Human A vs Human B (Kappa): 0.538 LLM vs Human A (Kappa): 0.769 LLM vs Human B (Kappa): 0.385 Interpretation: 0.81-1.00: Almost perfect agreement 0.61-0.80: Substantial agreement 0.41-0.60: Moderate agreement 0.21-0.40: Fair agreement < 0.20: Slight/poor agreement

⚠ Warning

High LLM-human agreement does not always mean high quality. If the LLM and a single annotator agree strongly but disagree with other annotators, the LLM may be mimicking that annotator's biases rather than capturing ground truth. Always measure agreement against multiple independent annotators and investigate cases where LLM labels differ from the human majority vote.

📝 Knowledge Check

1. How much faster is reviewing a pre-label compared to labeling from scratch?

Show Answer

Studies consistently show that reviewing a pre-existing label is 2x to 5x faster than labeling from scratch, even when the pre-label has errors. The LLM gets most labels approximately right, and human annotators only need to identify and correct the mistakes rather than reasoning about classification from the beginning.

2. Why is LLM confidence calibration important for routing decisions?

Show Answer

LLM confidence scores are notoriously poorly calibrated. A model reporting 0.90 confidence may only be correct 75% of the time. Without calibration, you might auto-accept examples with high reported confidence that actually have unacceptable error rates. Calibration on a held-out set with gold labels maps reported confidence to actual accuracy, allowing you to set meaningful thresholds based on real error rates.

3. What is the difference between uncertainty sampling and diversity sampling in active learning?

Show Answer

Uncertainty sampling selects examples where the model's predictions are most uncertain (highest entropy), targeting examples near decision boundaries. Diversity sampling selects examples that are most different from the already-labeled set (using embedding distances), targeting unexplored regions of the input space. These strategies have very low overlap (typically only 5% to 10% of selected examples match), because they optimize for fundamentally different notions of "informative." The hybrid approach combines both with a weighting parameter.

4. Compare Label Studio, Prodigy, and Argilla for NLP annotation workflows.

Show Answer

Label Studio (Apache 2.0) is highly customizable and multi-modal, best for general-purpose annotation across text, image, and audio.
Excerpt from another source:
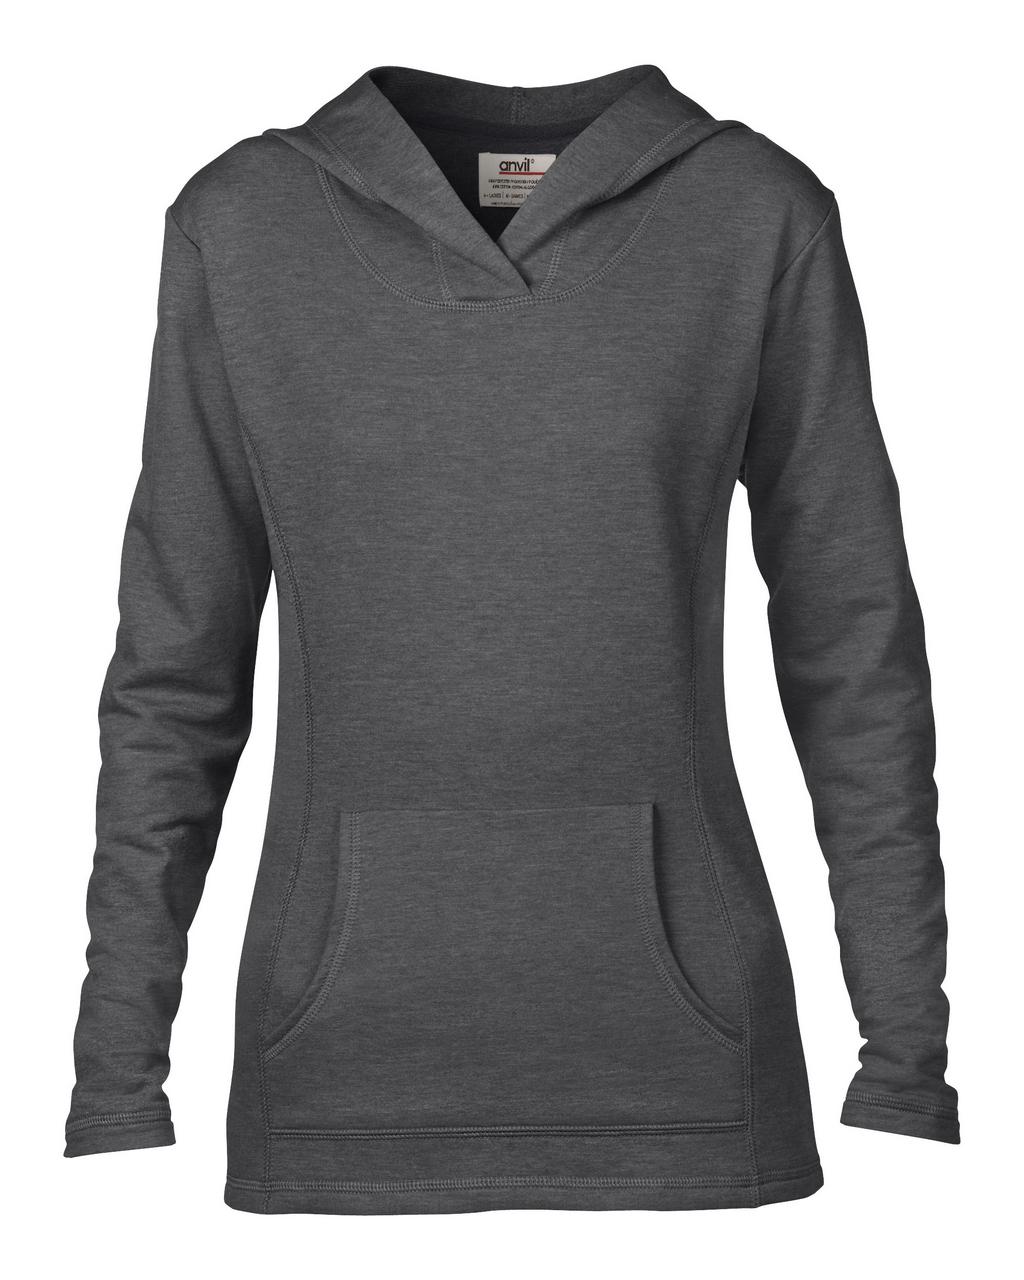 WOMEN’S HOODED FRENCH TERRY

Prodigy (commercial) excels at fast binary annotation with built-in active learning, best for rapid iterative labeling. Argilla (Apache 2.0) has native LLM/NLP focus with Hugging Face Hub integration and pairs with Distilabel, making it best for LLM output curation, preference labeling, and RLHF data workflows. All three support LLM pre-labeling integration through different mechanisms.

5. What does a Cohen's Kappa of 0.55 indicate, and what should you do about it?

Show Answer

A Cohen's Kappa of 0.55 indicates moderate agreement, which is often inadequate for training high quality models. Action steps include: (1) review and clarify annotation guidelines, especially for categories where disagreement is highest; (2) identify specific example types causing disagreement and add clarifying examples to the guidelines; (3) hold a calibration session where annotators discuss disagreements; (4) consider whether certain categories should be merged or whether the task definition needs revision; and (5) increase the number of annotators per example for the most ambiguous cases.

Key Takeaways

LLM pre-labeling speeds up annotation 2x to 5x by providing initial labels that human reviewers correct rather than create from scratch.
Confidence-based routing auto-accepts high-confidence labels and sends uncertain examples to humans. The threshold must be calibrated on held-out gold data, not based on the model's self-reported confidence.
Active learning reduces annotation costs by 40% to 70% by selecting the most informative examples. The hybrid strategy (uncertainty + diversity) captures value from both decision boundary refinement and input space exploration.
Three leading annotation tools serve different needs: Label Studio (general purpose, multi-modal), Prodigy (fast iterative labeling), and Argilla (LLM-native, RLHF data).
Inter-annotator agreement (Cohen's Kappa, Fleiss' Kappa) measures label quality. Always compare LLM labels against multiple independent human annotators, not just one.